The job copies the data files directly to the target data root directory, and it copies the metadata files to a temporary staging location where it is further processed as explained in the next step.
Transforms the copied manifest files to point to the correct manifest files pointers and data files on the target cluster, deletes the pre-transformed manifest files, and updates the target HMS with the latest snapshot.

How Atlas metadata replication for Iceberg tables work🔗

Atlas metadata for the chosen Iceberg tables can be replicated using Iceberg replication policies.

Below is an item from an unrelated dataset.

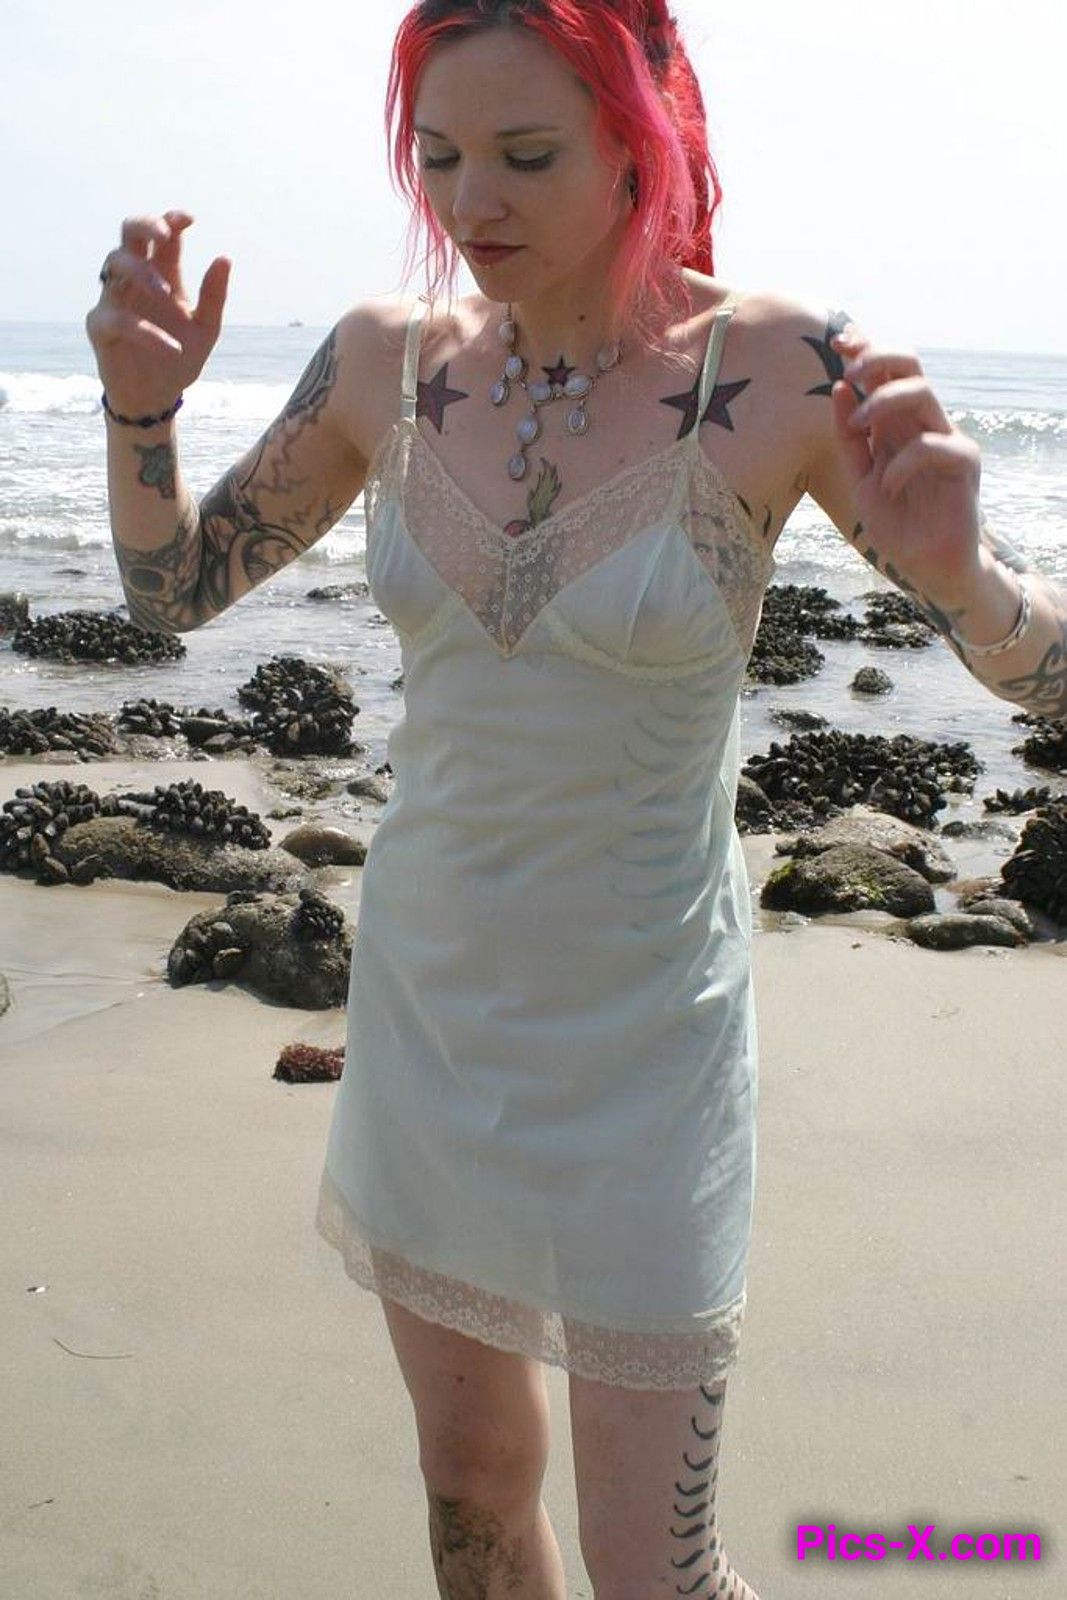 Inked up goth girl playing in the waves at a beach - Punk Rock Girlfriend - Image 16

During the Iceberg replication policy creation process, if you:

choose the General > Replicate Atlas Metadata option, Replication Manager:
1. runs a bootstrap replication for all the chosen Iceberg tables and its Atlas metadata during the first replication policy run. Bootstrap replication replicates all the available Iceberg data and its associated Atlas metadata.
2. runs incremental replication on the Iceberg data and its Atlas metadata during subsequent replication runs. Here, the delta data and metadata gets replicated during each run.
choose to replicate an Iceberg table that was created using 'create table as select (CTAS)', Replication Manager sets the Skip lineage option to false and the Fetch type option to CONNECTED during the Iceberg replication policy run.
tip
You can create an Iceberg table based on an existing Hive, Spark, or Impala table using the CTAS query where you can optionally include a partitioning spec for the created table.

Use case🔗

You have an original or base table named T1. You create table T2 using CTAS from T1. Similarly, you create T3 from T2, and T4 from T3. During the Iceberg replication policy creation process, you choose T2 as source table, and then choose Replicate Atlas metadata. In this scenario, Replication Manager performs the following tasks during the replication policy run:

Sets Skip lineage to false, and Fetch type to CONNECTED during Atlas replication step.
Replicates T2 and all the Atlas entities connected to it, which includes the hdfs_path.
Replicates T1 and T3 Iceberg tables.